1. Ajukan Pertanyaan soal Pendapat Anak

Pelajari lebih lanjut tentang perilaku teman-teman anak tanpa menghakimi. Orangtua dapat mengajukan pertanyaan seperti, "Ceritakan tentang temanmu. Apa yang kamu suka dari mereka? Apa yang kamu senang lakukan bersama?”.

Kemudian, Anda bisa juga menanyakan “Apa pendapatmu jika ada teman yang berbicara dengan kata-kata yang kasar?”. Pelajari sudut pandang anak mengenai perilaku teman-temannya tersebut. 

Saat Anda mengajukan pertanyaan kepada anak, hindari tindakan yang seakan mencecar atau membuat anak merasa tidak nyaman. Perhatikan pula situasi dan kondisi anak sebelum mulai mengajaknya berdiskusi. 

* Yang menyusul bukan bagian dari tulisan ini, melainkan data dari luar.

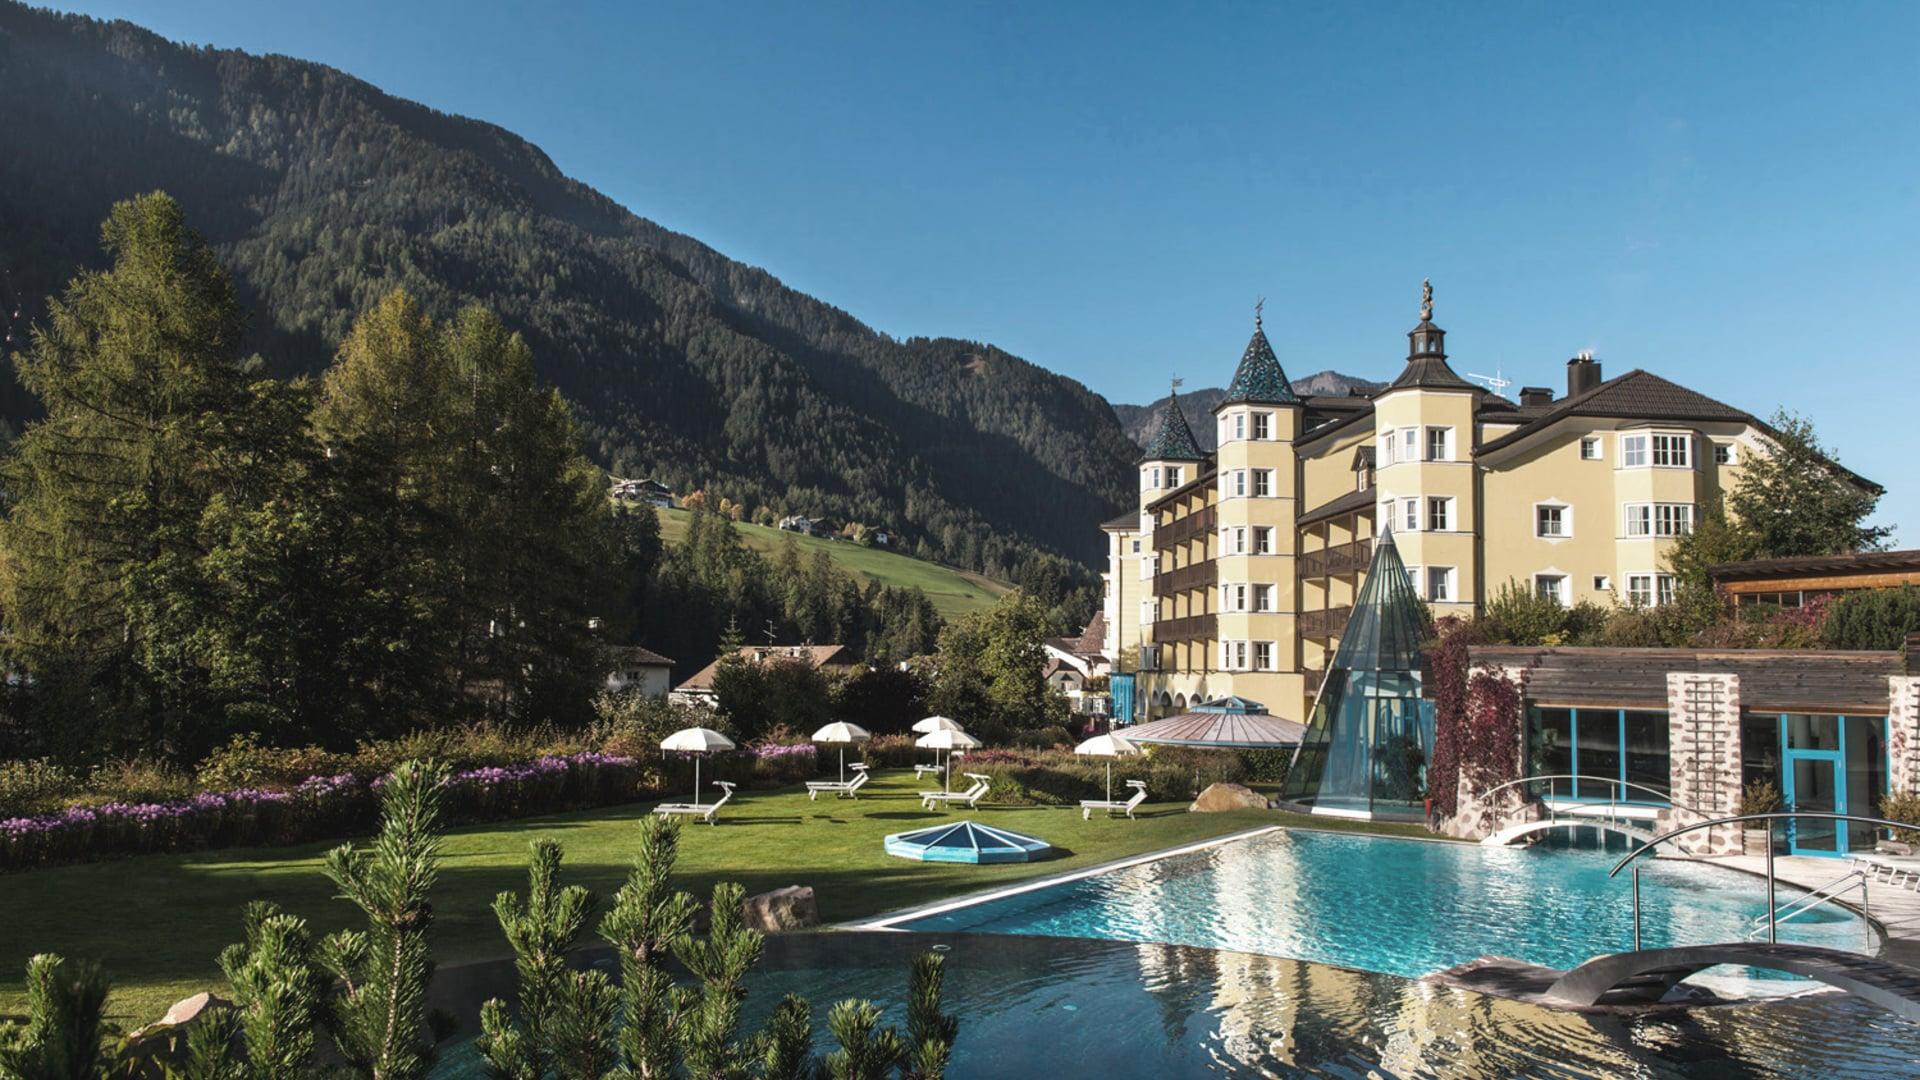 Toskana Sehenswrdigkeiten  ADLER Spa Resort THERMAE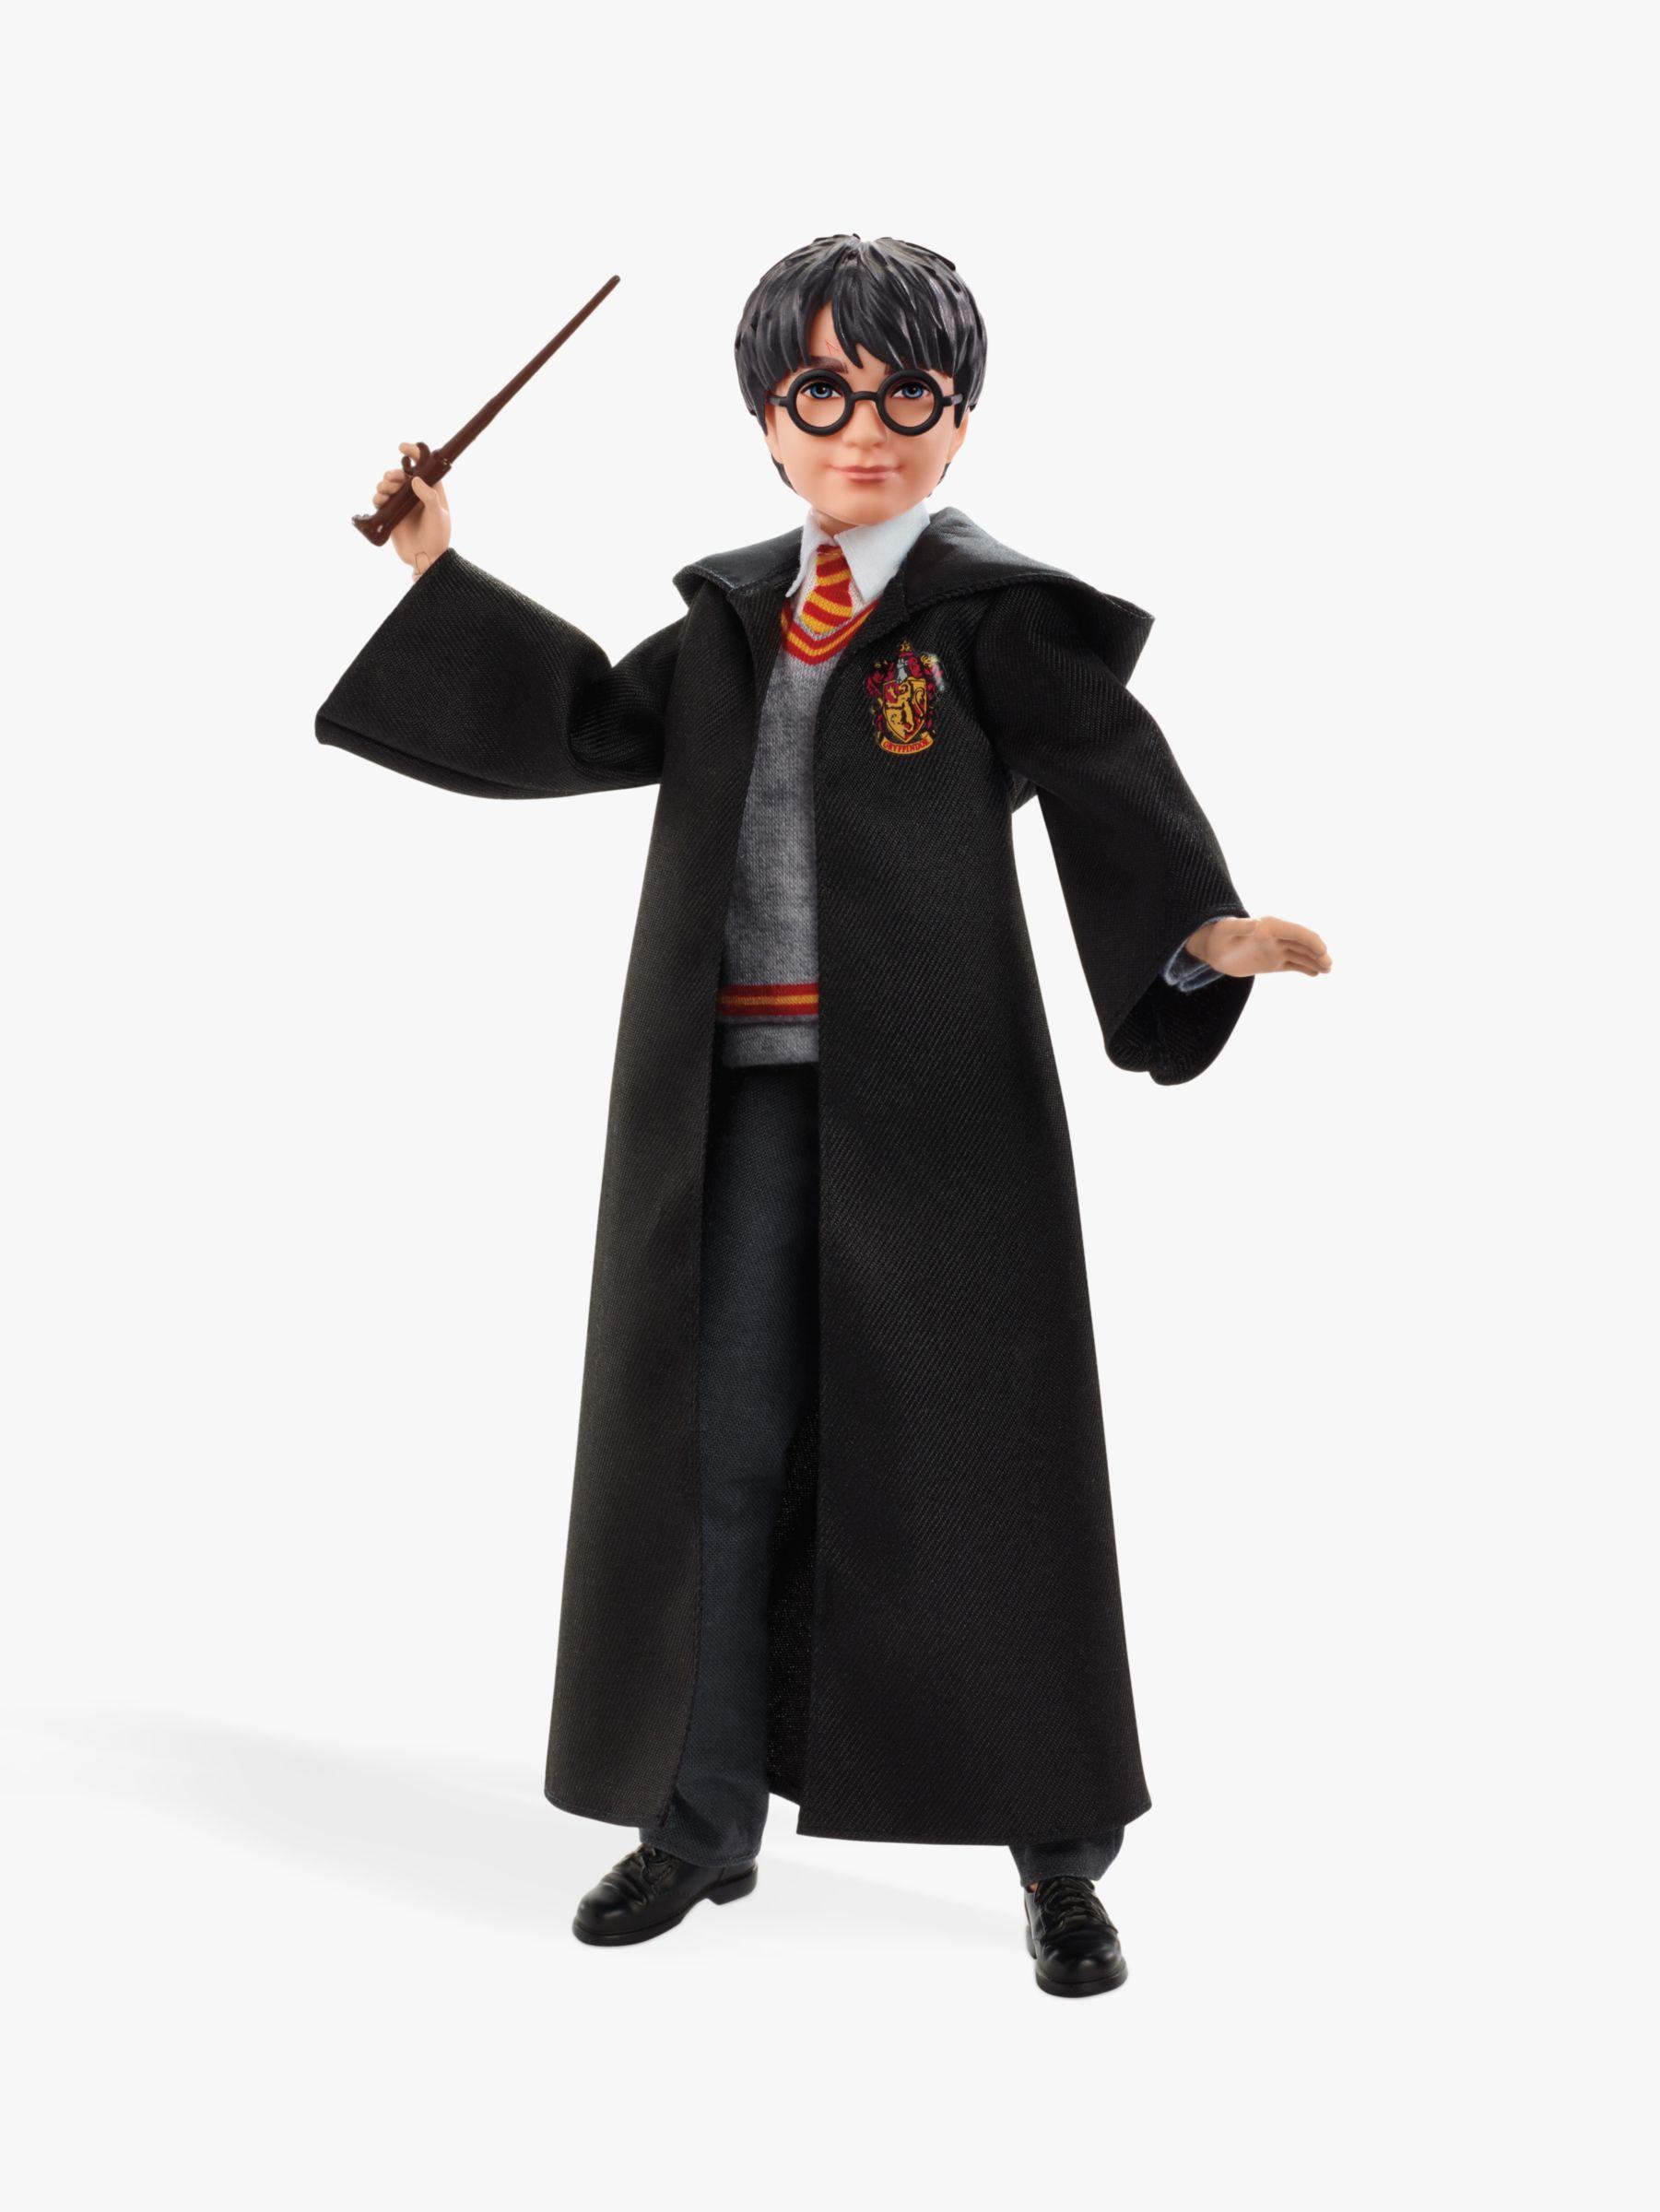 Harry Potter Harry Potter Action Figure

2. Jangan Slahkan Temannya

Dijelaskan Gracia Ivonika, M.Psi., Psikolog, jika Anda mendapati kata kasar dari mulut anak, hindari langsung menyalahkan dirinya atau teman-temannya. Lebih baik, cari tahu terlebih dahulu dari mana anak mendapatkan kata-kata kasar tersebut. 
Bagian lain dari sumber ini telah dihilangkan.